Power in its most basic sense is at the root of activity. You can’t act in the world even in the most mundane way without power. That’s why we eat -- to generate energy that allows us to move and act in the world.

So power is fundamentally a gift, but like every gift ever given to human beings, when it is separated from relationship with the true God and true relationships with one another, it becomes very dangerous and toxic and distorting.

And when you concentrate toxic, dangerous, distorting stuff, it just gets all the more dangerous.

The one thing that people always say when I tell them I’m working on power is Lord Acton’s famous quote, “Power tends to corrupt, and absolute power corrupts absolutely.”

This is why cities are so helpful -- because you can’t ignore the concentration of power in cities. Which raises the question, Is there a way to live with concentrated power and have it bring flourishing rather than distortion?

I think that is in some ways the essential ethical question of our time and every time. Can we live with the power we’ve been given? A lot of us have been given a lot of power.

Q: Tim Keller has written that cities are also places to which people without power flee for safety. He says “dominant majorities often dislike cities, but the weak and powerless need them.” What does that mean for the church?

I think the call to the church, the biblical hope, is three things. They’re obvious, but they’re important.

One is to embrace the gifts of the city and to teach our people theologically and biblically why cities matter.

Most people who find their way to cities -- especially young people, but also immigrants who come from desperate circumstances -- are there for pragmatic reasons. In creative-class cities like New York and Portland, they’re often there for self-centered reasons.

So part of what the church has to do is give her members better reasons for caring about the city than the reasons that brought them there.

The second thing is that we need to be very clear-eyed about the failures that cities concentrate. Cities are places where not just the wealth and abundance of our culture is on display but also the things that have gone wrong.

The church’s job is not to become complacent about those things but to see the city as a laboratory for assessing the health of our society with honesty, being very clear about power and the ways injustice is woven into our institutions.

That can happen if the church doesn’t become simply a chaplain to the city but is also prophetic in the city.

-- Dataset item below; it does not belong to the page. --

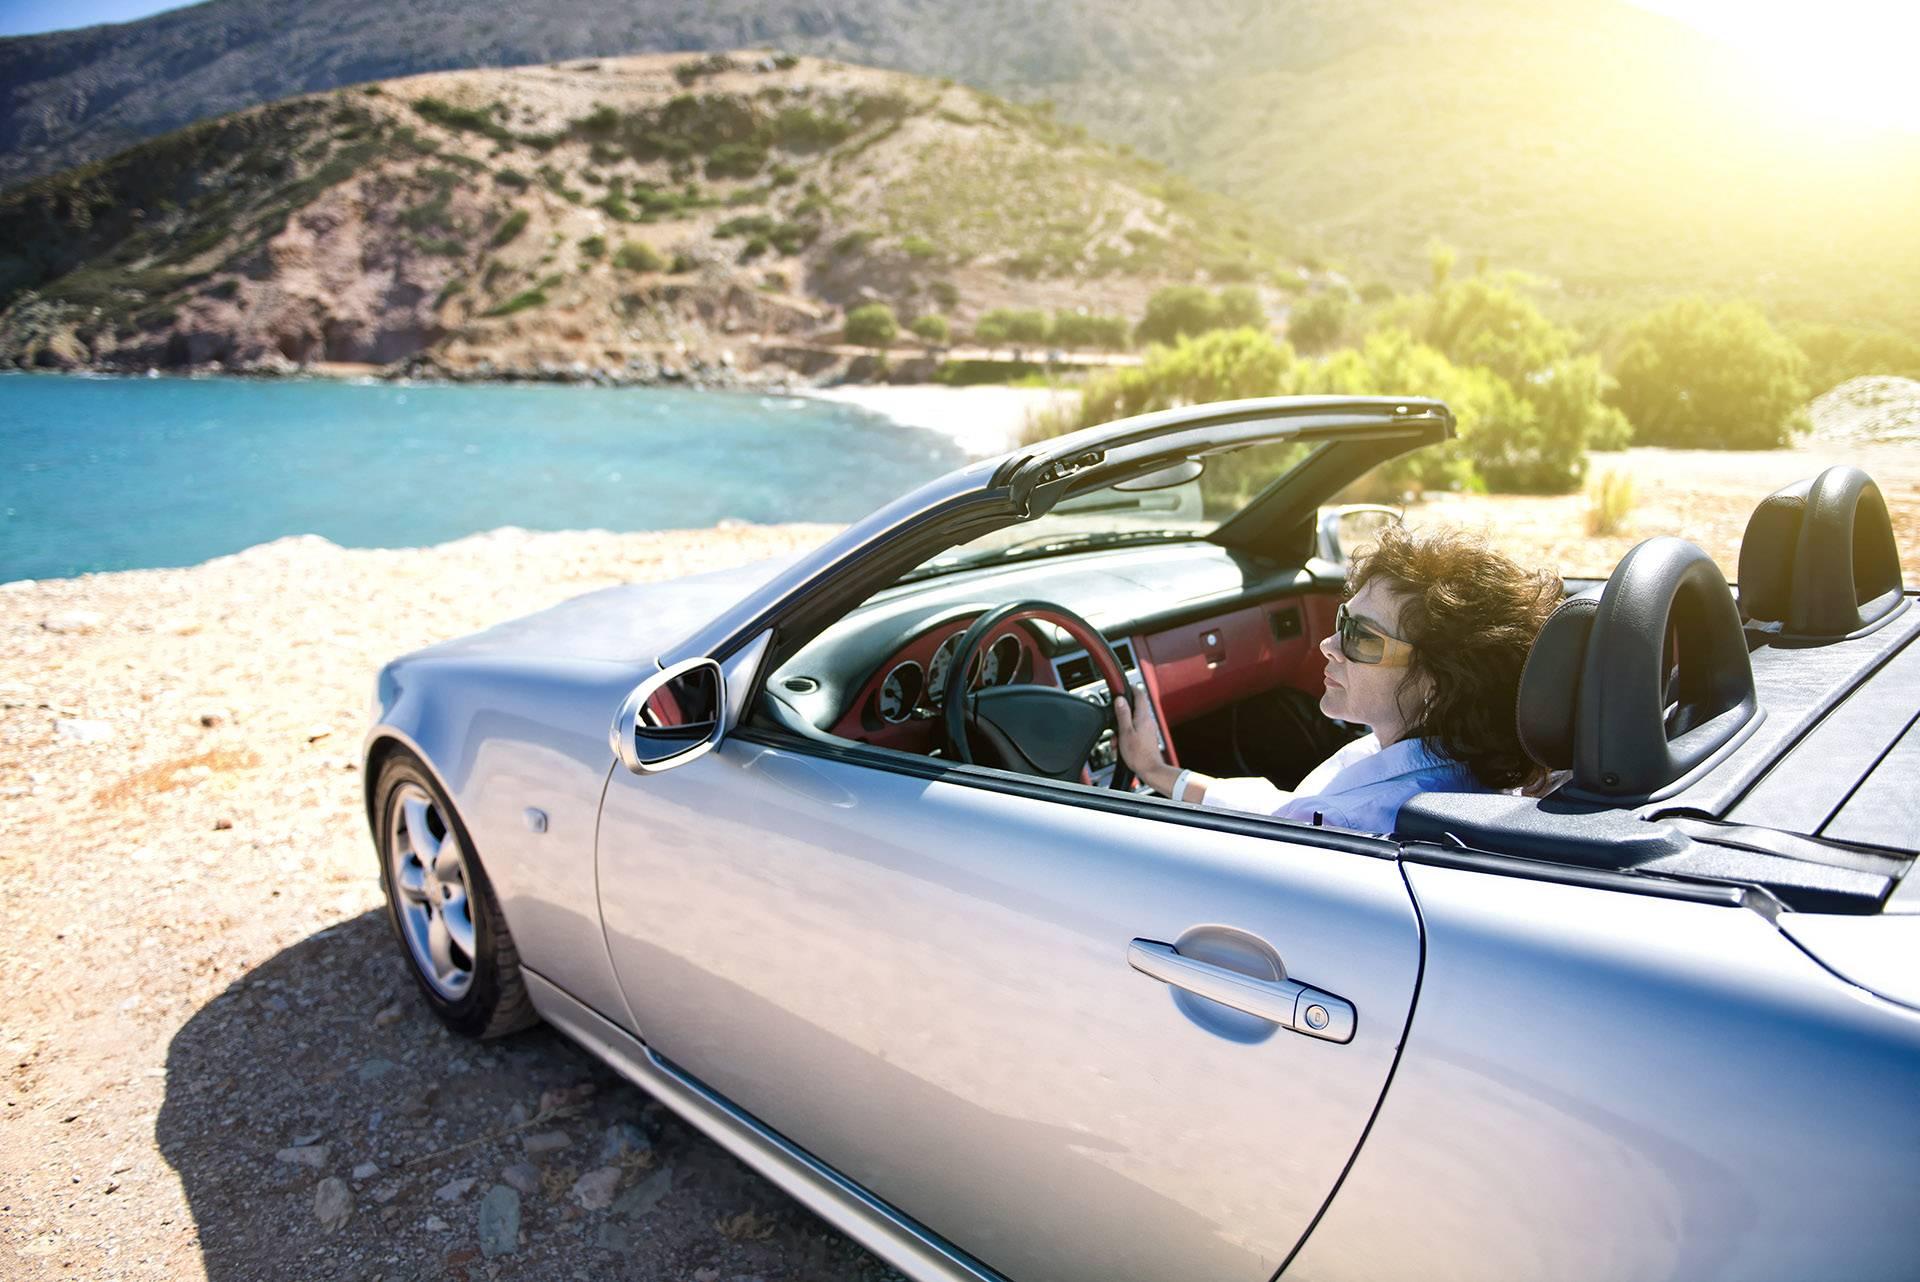 Прокат авто sixt, валенсия. тонкости аренды авто для граждан рф в валенсии прокат авто валенсия

Then the third thing for the church would be to contribute to the flourishing of the city. The church’s call is to find ways to make enough of a difference that, as Tim Keller has said, the city would miss us if we weren’t there.

Q: What should seminaries be doing to prepare people for the kind of ministry you’re describing?

The challenge with all culture is that we tend to take it for granted precisely at the moments when we should be paying attention and being intentional about how we interact with it.

Culture always fades into the background, whether you’re in a city, a suburb or a small town. We stop paying attention and we take it for granted, but leaders are people who don’t take things -- or the way things are -- for granted.

I don’t mean just in the sense that they’re constantly trying to change things, though that’s part of it. Leaders are also people who preserve what’s good in a place or in an institution, and to do that you have to be discerning and attentive to that place.

So I think that seminaries could do a better job helping us pay attention to the places where we are and to the ways they’re changing and also the continuities that are there.

If we don’t do that, we are going to form churches that have very thin connections to the world that God has placed us in and sent us into. I don’t want to say that we’ll fail in our mission, because the mission is ultimately God’s and not ours. But our participation in that mission will be much thinner than it could be if we don’t learn to really pay attention to where we are.